» **TASK TO CARRY OUT**
Output exactly, in the material below, the lines from the one with "The Jimmi .J Williams Show" through the one with "Biglietto D'ingresso Torino". Omit all pictures.

» **TASK MATERIAL**
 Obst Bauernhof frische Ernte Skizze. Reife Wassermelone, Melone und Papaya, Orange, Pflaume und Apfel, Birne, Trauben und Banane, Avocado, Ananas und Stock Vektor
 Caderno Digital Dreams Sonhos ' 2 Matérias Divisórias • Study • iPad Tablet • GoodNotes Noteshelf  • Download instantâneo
--
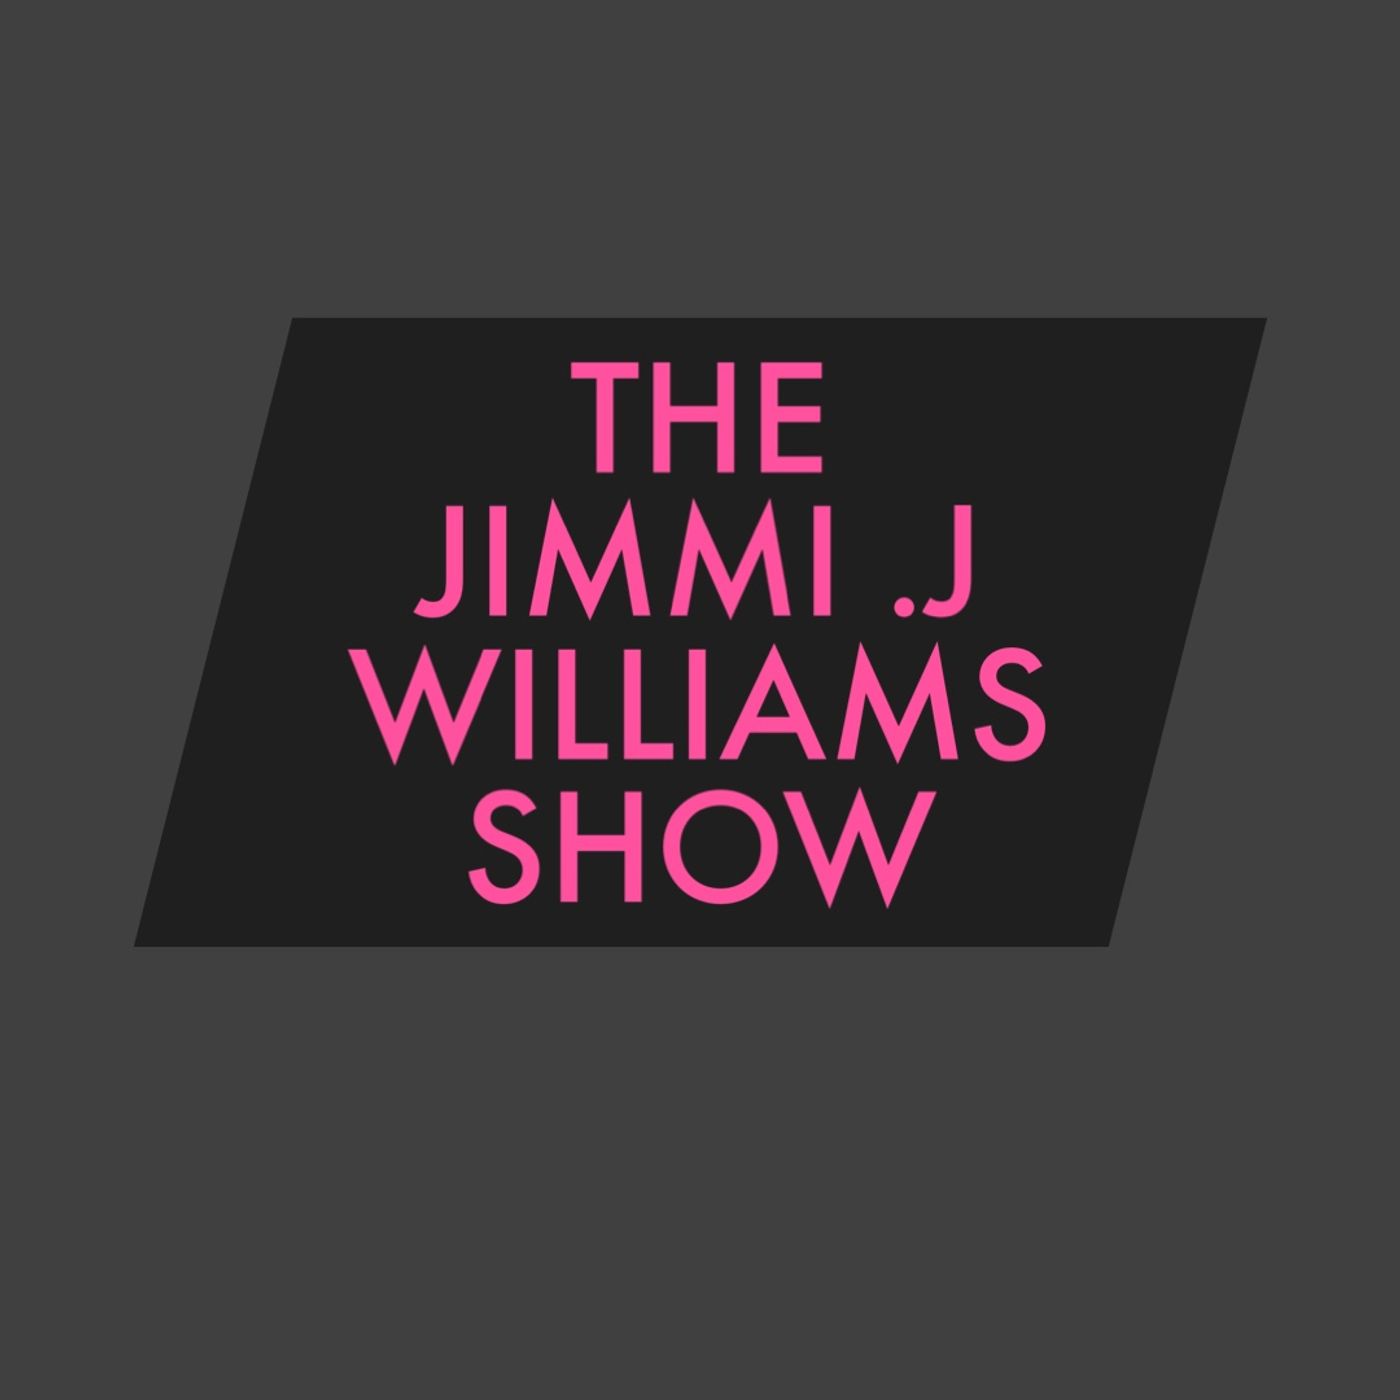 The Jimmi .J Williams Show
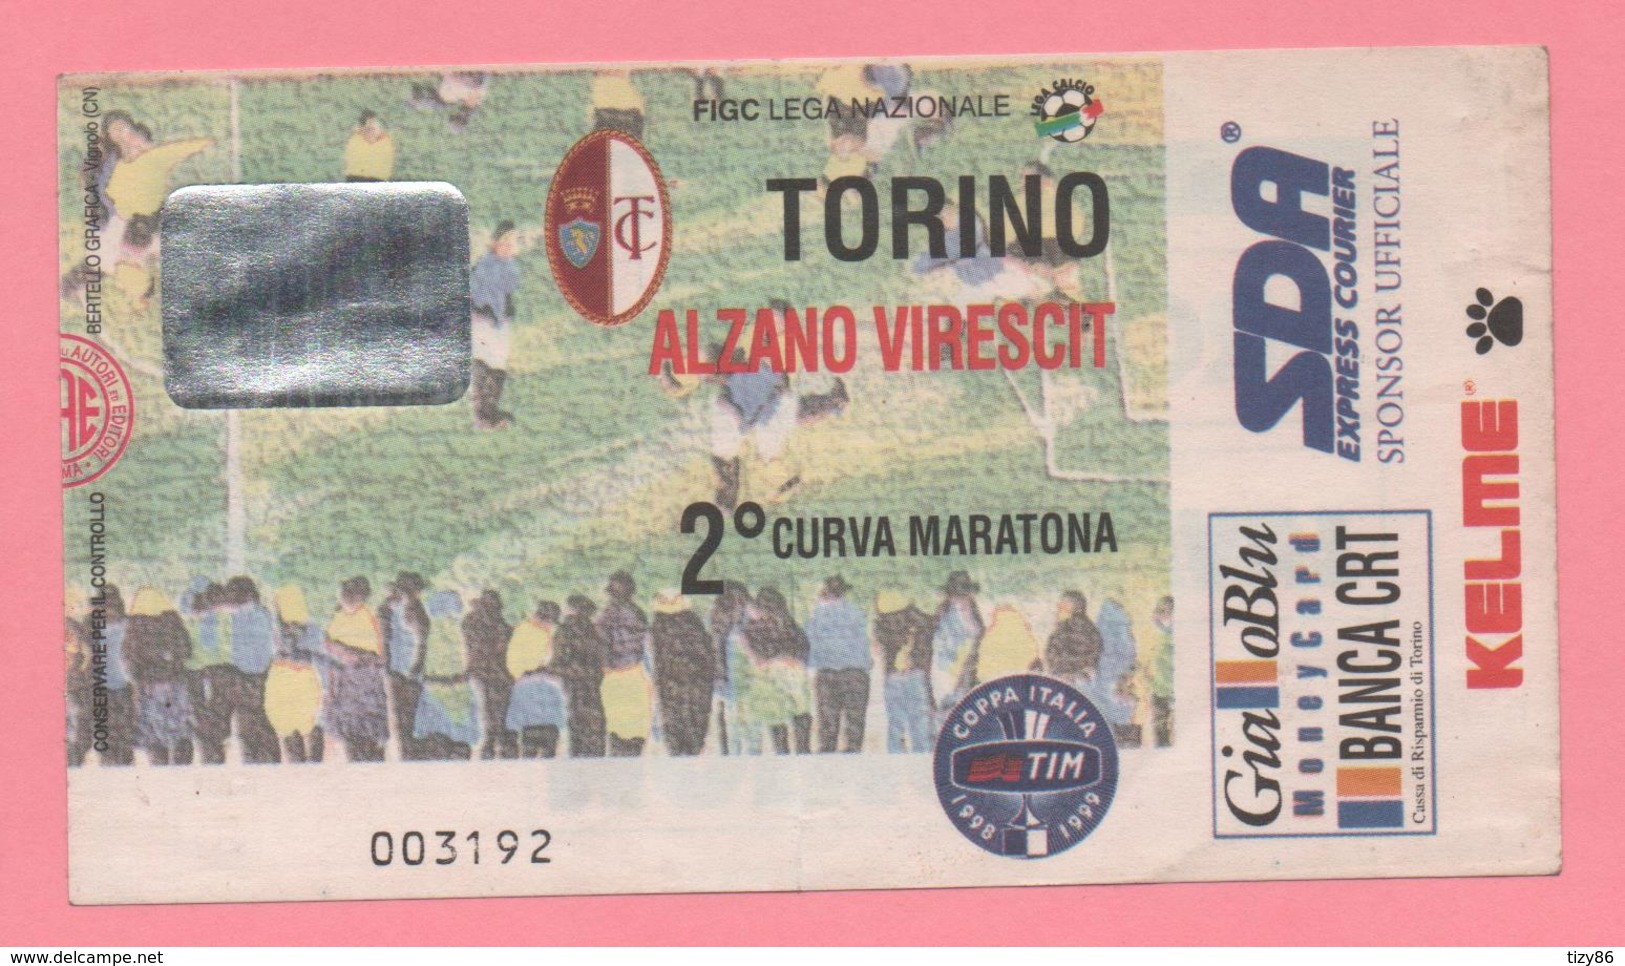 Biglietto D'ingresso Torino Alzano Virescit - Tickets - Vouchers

» **OUTPUT FOR THIS TASK**
 The Jimmi .J Williams Show
 Biglietto D'ingresso Torino Alzano Virescit - Tickets - Vouchers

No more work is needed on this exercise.